ECE 5671/6671 Lab 5 Squirrel-Cage Induction Generator (SCIG) 1. Introduction 1.1 Objectives The objective of this lab is to connect a SCIG generator directly to the grid and measure the power produced at various speeds. The SCIG is often used to generate electrical power from wind; in this lab, a DC motor will emulate the wind turbine. After connecting the generator to the grid, the speed of the DC motor will be increased in order to observe the generation of power to the grid. Measurement of active and reactive power with respect to speed will be analyzed. Lastly, self-excited operation of the induction generator will be observed. The procedures discussed for the remainder of this lab require correct execution of the instructions presented. Upon careful reading and comprehension of directions, proceed with the experiments. Heeding help throughout this handout will distinguish whether a procedure is to be completed on the computer (Matlab, Simulink, or dspace) or on the actual equipment.

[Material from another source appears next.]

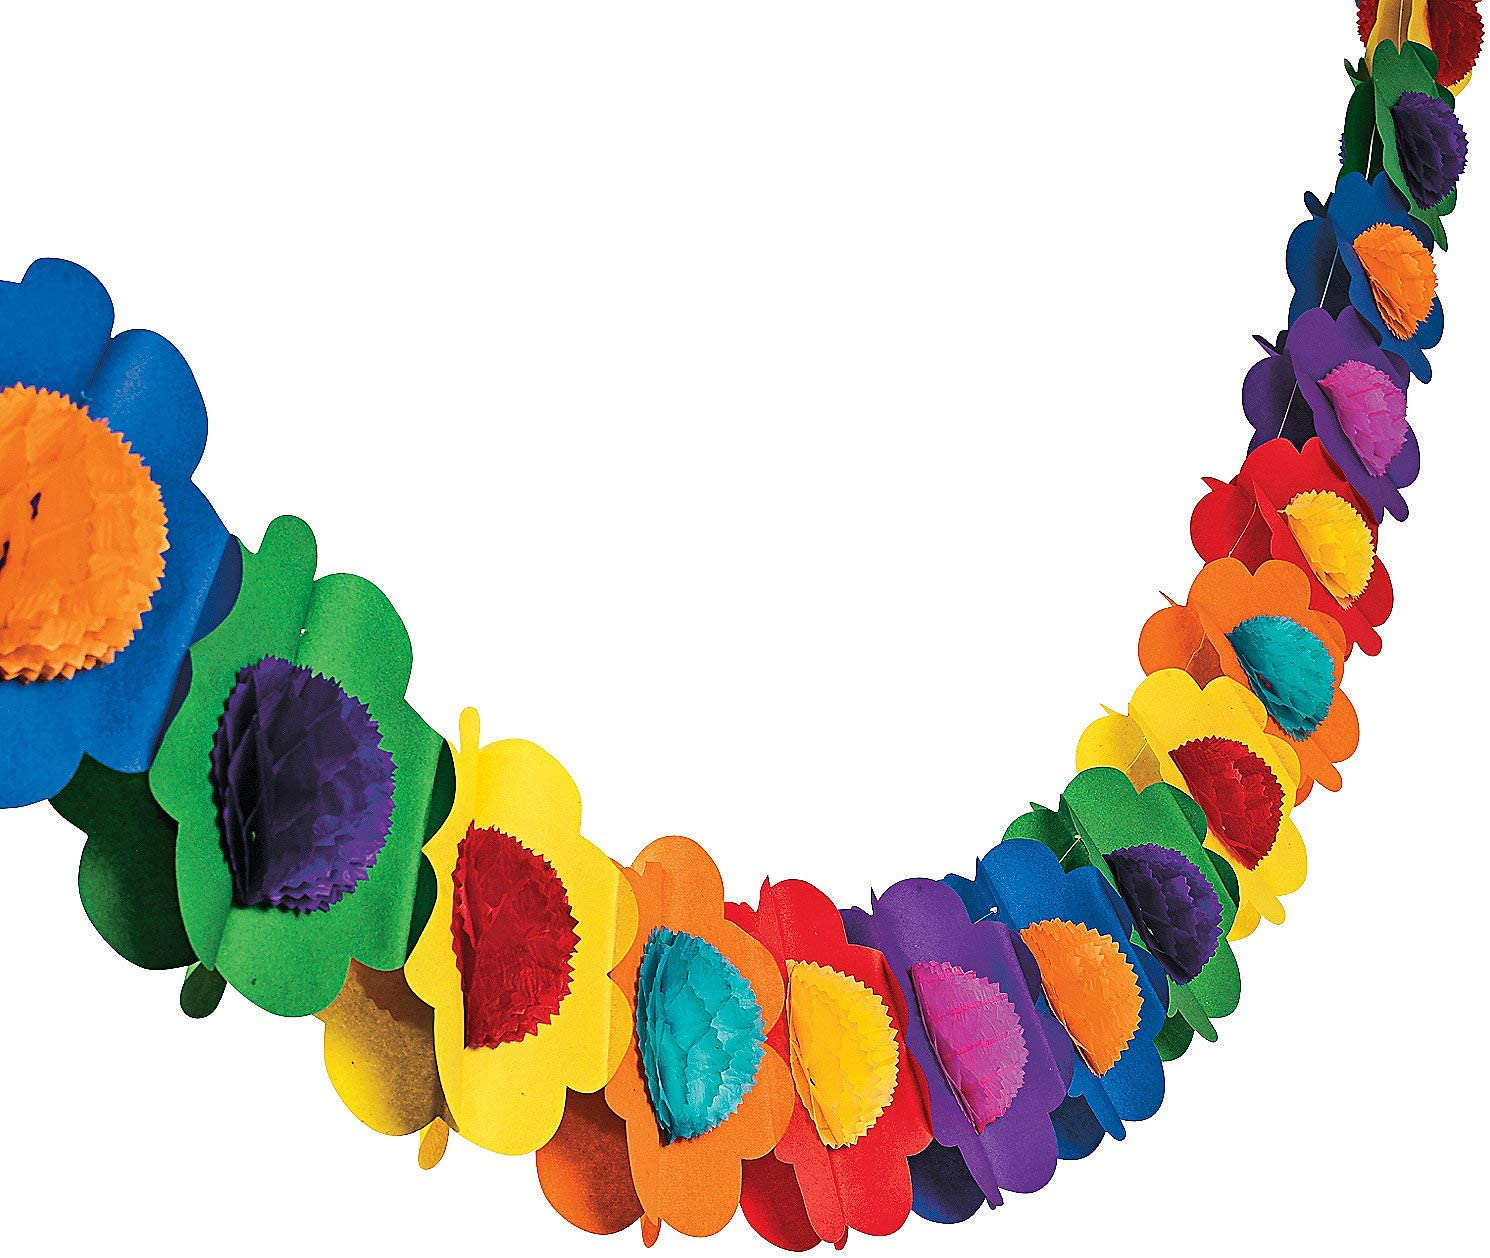 Fun Express - Multicolor Tissue Flower Garland for Party - Party Decor - Hanging Decor - Garland - Party - 1 Piece

Equipment needed: SCIG generator DC generator, frame mounted, with coupler dspace I/O box Three-phase capacitor box Grid connection box Current sensor board Box of cables 1.2 Simulink functions and dspace layout For the experiment, a new Simulink model must be created in order to compile a c-file that creates an.sdf file for dspace to load. Refer back to Lab 1 if questions arise about this process. >>Simulink Blocks Download, open, and examine the provided model (lab_5.mdl) to gain a sense of how this system will work. This is similar to the Simulink model from lab 4. Included are the encoder initialization blocks, position output, speed output, and frequency output. Analogto-digital channels (ADCH) will capture data (voltage and current). Two ADCH channels will be used for measuring output voltage, and the other two will be used for measuring output current. Figure 1 displays the data capture blocks necessary for the experiments.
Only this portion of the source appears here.